The reason for the narrowing losses is simple: improved model engineering efficiency. In 2023, MiniMax's cloud computing service expenditures for training exceeded 1365% of revenue. By the first nine months of this year, this figure had dropped to 266.5%.
A striking contrast: from its founding to September 2025, MiniMax has spent approximately $500 million (about 3.5 billion RMB) in total. In comparison, OpenAI's cumulative spending is estimated between $40 billion and $55 billion.
This means MiniMax has achieved a globally leading full-modal company with less than 1% of the funds.
In an industry where 'burning money' is the consensus, this capital efficiency is itself a core competitiveness (competitive advantage).
Supporting this high efficiency is an extremely young AI-native team.

As of the end of September 2025, the company has only 385 employees, with an average age of 29, and nearly 74% are R&D personnel.
Without the redundant structures of traditional tech giants, this young team has achieved leadership in text, video, and voice full-modal models, as well as global product R&D and operations, in less than four years through flat management.
This 'small team, big output' combat effectiveness provides MiniMax with a profound financial moat.
As of September 30, 2025, MiniMax still has a cash moat of $1.1 billion on hand, while Loss during the same period (losing $187 million in the same period). At this burn rate, even without IPO funding, the company's cash can sustain operations for over four years.
/ 02 /
Globalization: MiniMax Finds Another Path for Large Model Entrepreneurship
Besides ultimate efficiency, 'globalization' is another keyword in MiniMax's prospectus.
A straightforward data point: over 70% of MiniMax's revenue comes from overseas.
For a Chinese large model startup, this revenue structure is distinctive. While most peers still face direct pressure from domestic internet giants, MiniMax has completed a closed-loop validation from technical capabilities to commercialization in the global market.
One of the most direct yet overlooked factors behind overseas revenue as a pillar is that MiniMax was one of the earliest and most decisive large model companies to bet on overseas expansion.

As early as 2023, MiniMax began promoting Talkie (AI character companionship) to overseas markets, focusing on North America and other high-subscription regions. In August 2024, MiniMax released the video generation model Video 01 and the Hailuo AI video generation product, which quickly spread among overseas content creators, marketers, and social media users.
These moves were not impromptu but stemmed from a judgment made by MiniMax founder Yan Junjie at the company's inception:
Once AI becomes a focal point of public attention, the domestic market will likely fall into a 'purely free' competition, leaving little room for startups to survive. Therefore, internationalization was a necessary path from the start.
Around this core judgment, MiniMax achieved breakthroughs in both model and product capabilities.
On the model side, MiniMax's strategy is aggressive yet pragmatic. The open-sourced MiniMax M2 in late October ranked among the top five globally and first in open-source on the Artificial Analysis leaderboard.
Beyond rankings, what matters more commercially is developers' real choices. On the renowned model aggregation platform OpenRouter, M2's daily call volume once surged into the global top three due to its cost-effectiveness and coding capabilities, successfully entering Amazon Bedrock's model library.
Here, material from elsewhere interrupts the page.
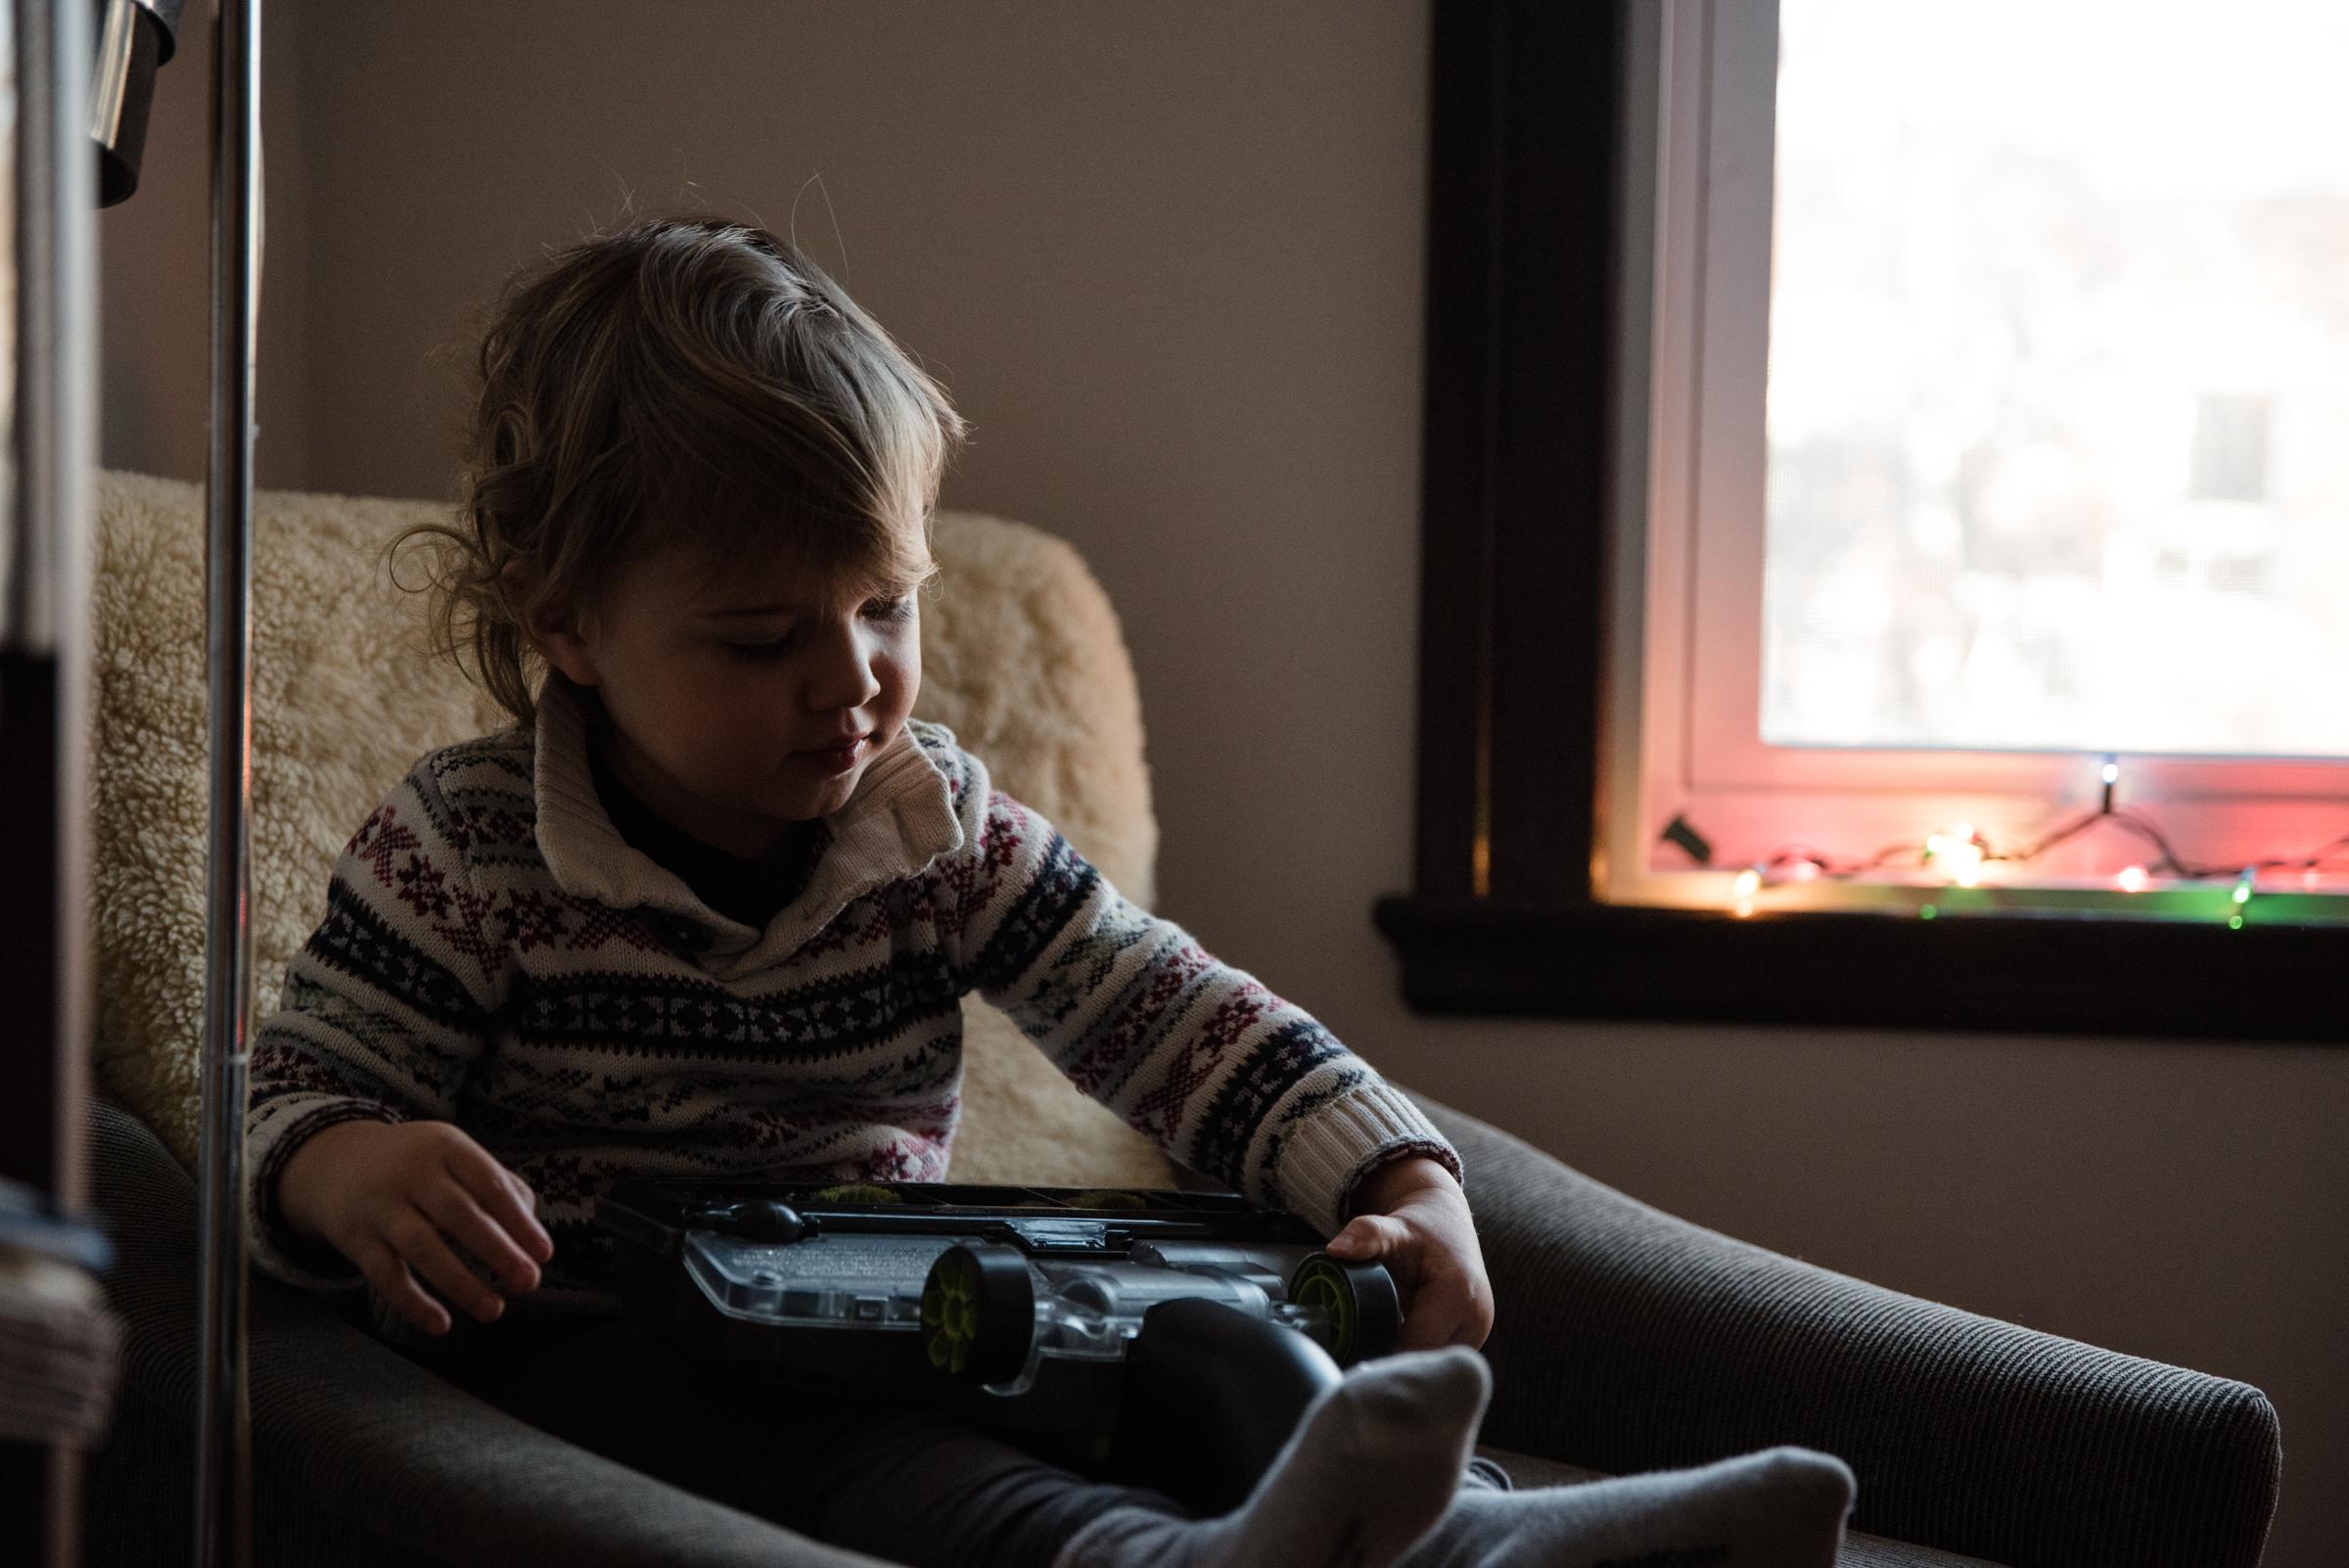 013-photo-d-un-enfant-qui-joue-avec-la-tete-dune-balayeuse-a-tapis-photographe-lifestyle-famille-a-montreal-1225.jpg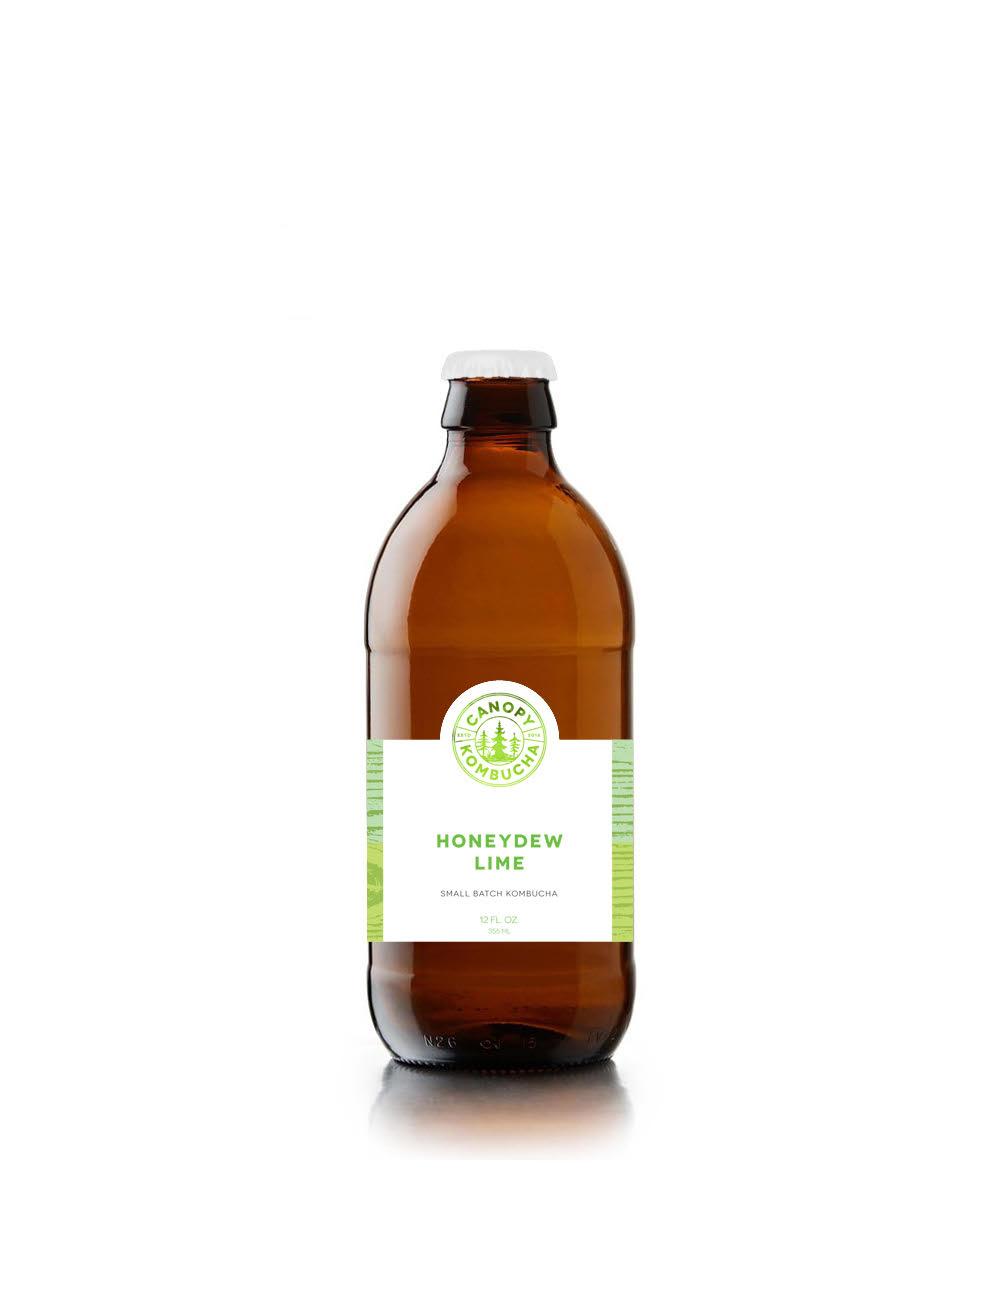 Honeydew Lime

This 'vote by usage' means MiniMax's models have become one of the default foundations for overseas developers to build applications.
On the product side, MiniMax's strategy is equally clear: encapsulate model capabilities into scalable, monetizable AI-native applications as quickly as possible.
MiniMax directly serves global consumers through native products like Hailuo AI, Xingye/Talkie (AI social), and MiniMax Voice. As of September 30, To C revenue grew by 181% year-over-year, and the number of paying users surged 15-fold in less than two years.
Among them, Hailuo AI has become a globally leading AI video generation platform, helping users worldwide create over 590 million videos to date.
With products like Hailuo AI, MiniMax Audio, and Talkie taking shape, MiniMax has built a relatively complete AI-native application matrix. To date, its self-developed multimodal models and native applications have served 212 million individual users and over 130,000 enterprise clients and developers across more than 200 countries and regions.
Based on this, MiniMax's commercialization path appears more three-dimensional: subscription services, in-app purchases, and enterprise APIs progress in parallel, diversifying revenue sources beyond heavy reliance on a single client or project.
This contrasts sharply with the long-chain model of many domestic large model companies, where 'capability demonstration precedes revenue realization.'
From the results, MiniMax's overseas expansion is not mere market expansion but a structural choice: using global markets to validate models and productization to shorten the commercialization path.
Precisely because of this, it has carved out a relatively independent growth trajectory closer to the global AGI narrative amid intense domestic competition.
/ 03 /
Conclusion
Technological development is gradual, and so are products.
Reviewing China's internet history, the ultimate winners—MiHoYo, Meituan, ByteDance, Li Auto, etc.—all share a common footnote: they rarely achieved massive success with their first product but stabilized their footing with second or even later offerings.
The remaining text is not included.